So we found the two prime implicants T'and R'. Both of those are of size 4 and if we look at the Carnot map we can clearly see there are no more prime implicants of size 4. And so then we go to size 2 and indeed there are... groupings of two that are present but no grouping of two is present which is not already entirely contained with one of the previously identified prime members.
And likewise this thing can be said for any groupings of one. So the two prime implicants, T prime and R prime, are the only prime implicants. And so now our next step, as usual after we have found all of our prime implicants, is to identify which of the prime implicants are essential. So we'll say essential prime implicants. And of course the way to identify these is by identifying the essential one cells.
I encourage you to take a moment to try to do this yourself. But the essential one cells will be here, here, here, and here. The only two one cells that are not essential are the one in the upper left-hand corner and the one in the upper right-hand corner. Both of those one cells are common to both of the prime implicants. So now that we have identified the essential one cells, we ask ourselves, which prime implicants are essential.
T prime is essential because it has this essential one cell and this essential one cell. And the R prime prime implicant is also essential because it has these two essential one cells. Therefore, both of the prime implicants that we have found are essential. And now we look for minimal sums.
And this function is F3. So F3. Of R, S, and T, we write down the two essential prime applicants, T prime or R prime, and by including T prime, we have accounted for those terms and these terms, and then by including R prime in this sum, we have also so accounted for those terms and again as in all our previous examples so far by merely including the essential prime implicants we have accounted for the entire function and therefore this expression is sufficient. It is the only minimal sum for this problem.

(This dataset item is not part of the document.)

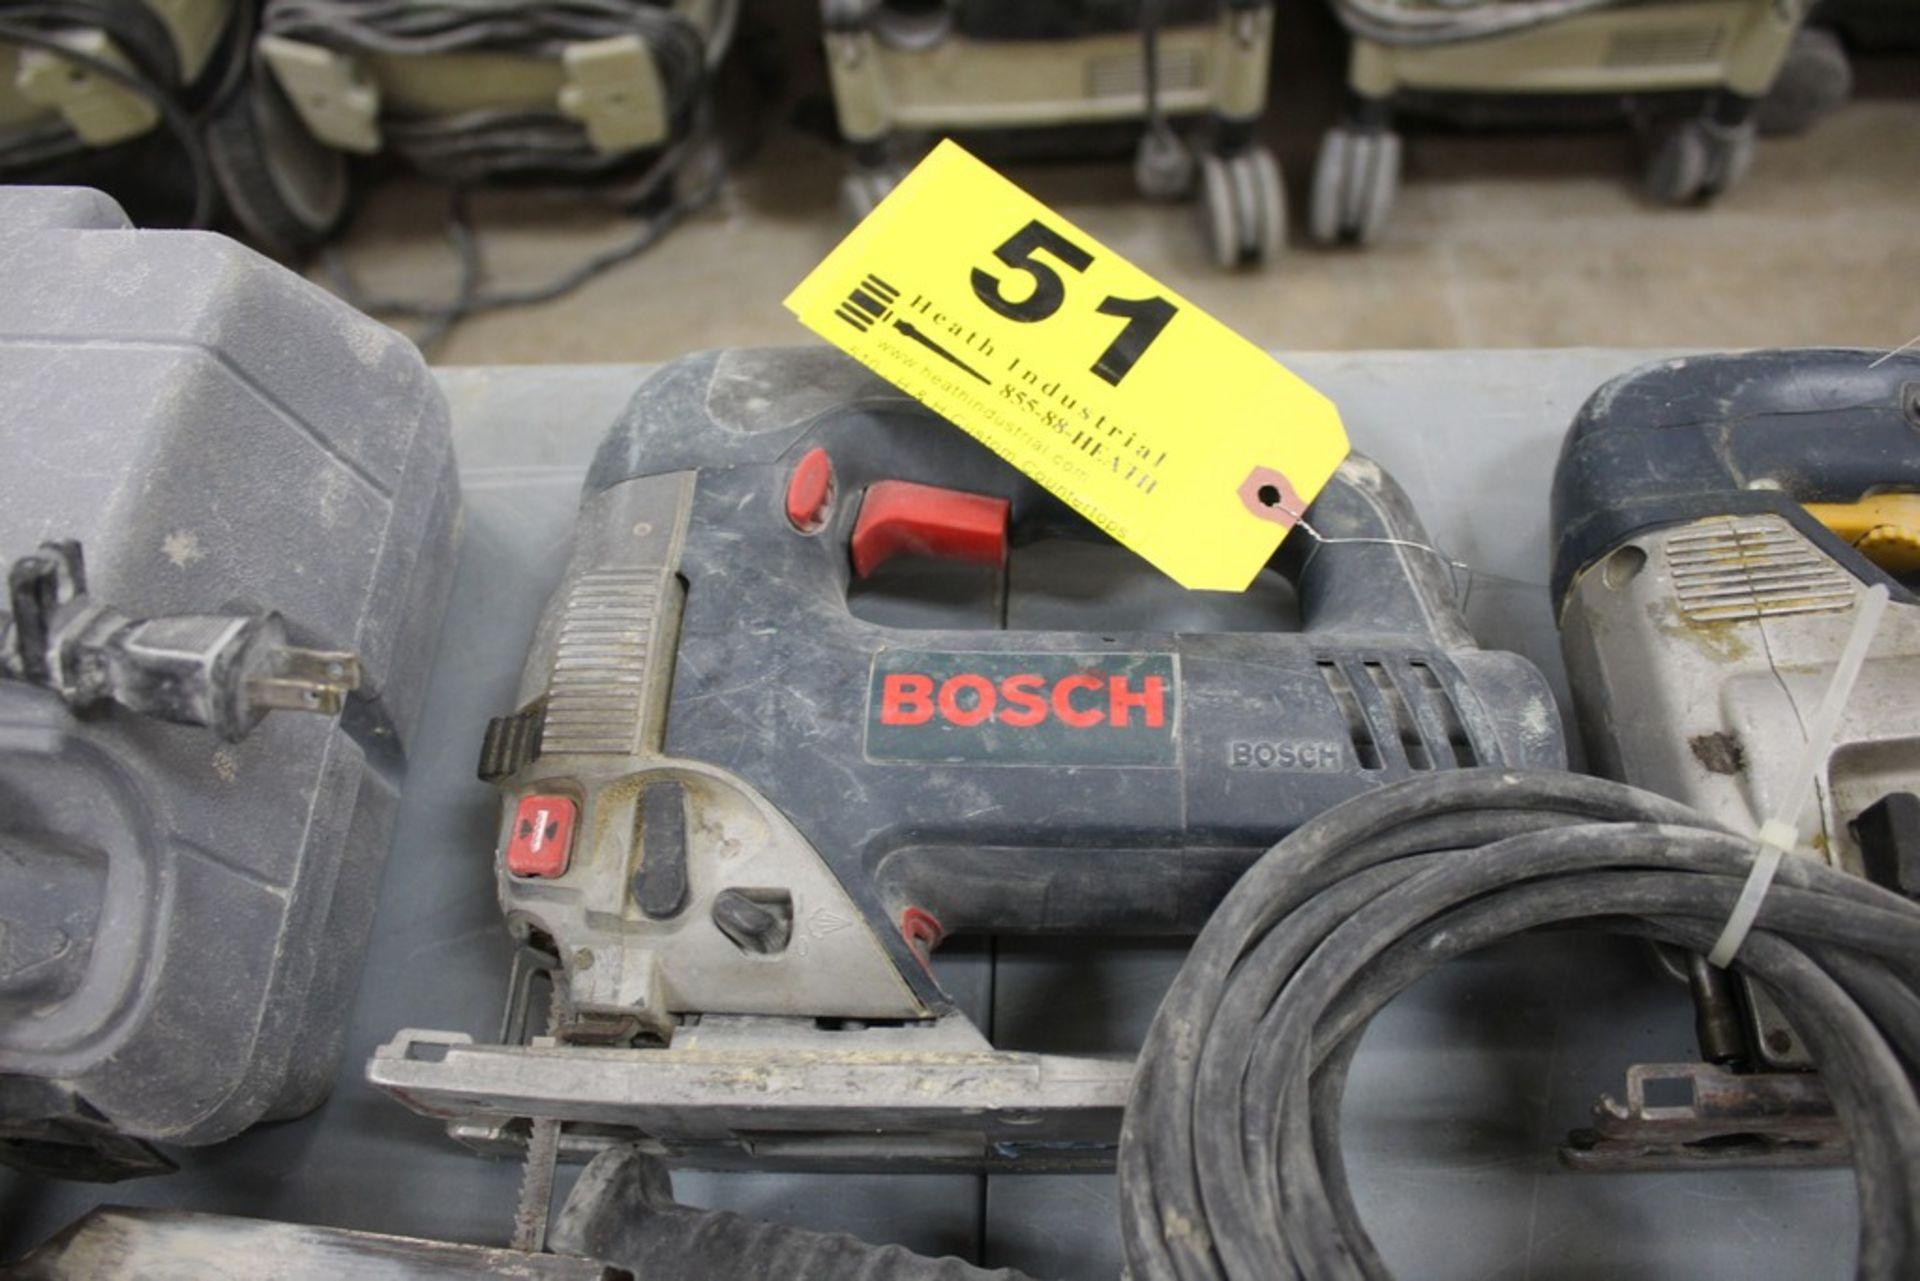 Lot 51 - BOSCH MODEL 1590 EVS ELECTRIC JIG SAW

And note that here we have two literals. So we have gone from, by using the Carnot map technique, we've gone from an expression with six literals to an expression with two literals. Two easy ways that you could show that these expressions are equivalent would be to find the truth table for each expression and make sure that the two truth tables are the same, or by algebraic methods you could fairly easily show that the second expression is equal to the first. So, that concludes all of the examples for Lecture 11. And now we'll look at some problems. So, the two problems for Lecture 11 are shown here.
Lecture 11.1 says... Find all minimal sums of f of x, y, z equals the sum of the min terms 1, 3, 5, and 7. And your choices are these four choices. 11.2 says find all minimal sums of g of x, y, z equals the product of the max terms 2 and 4. And here you have these four choices. So that concludes lecture 11. Good luck.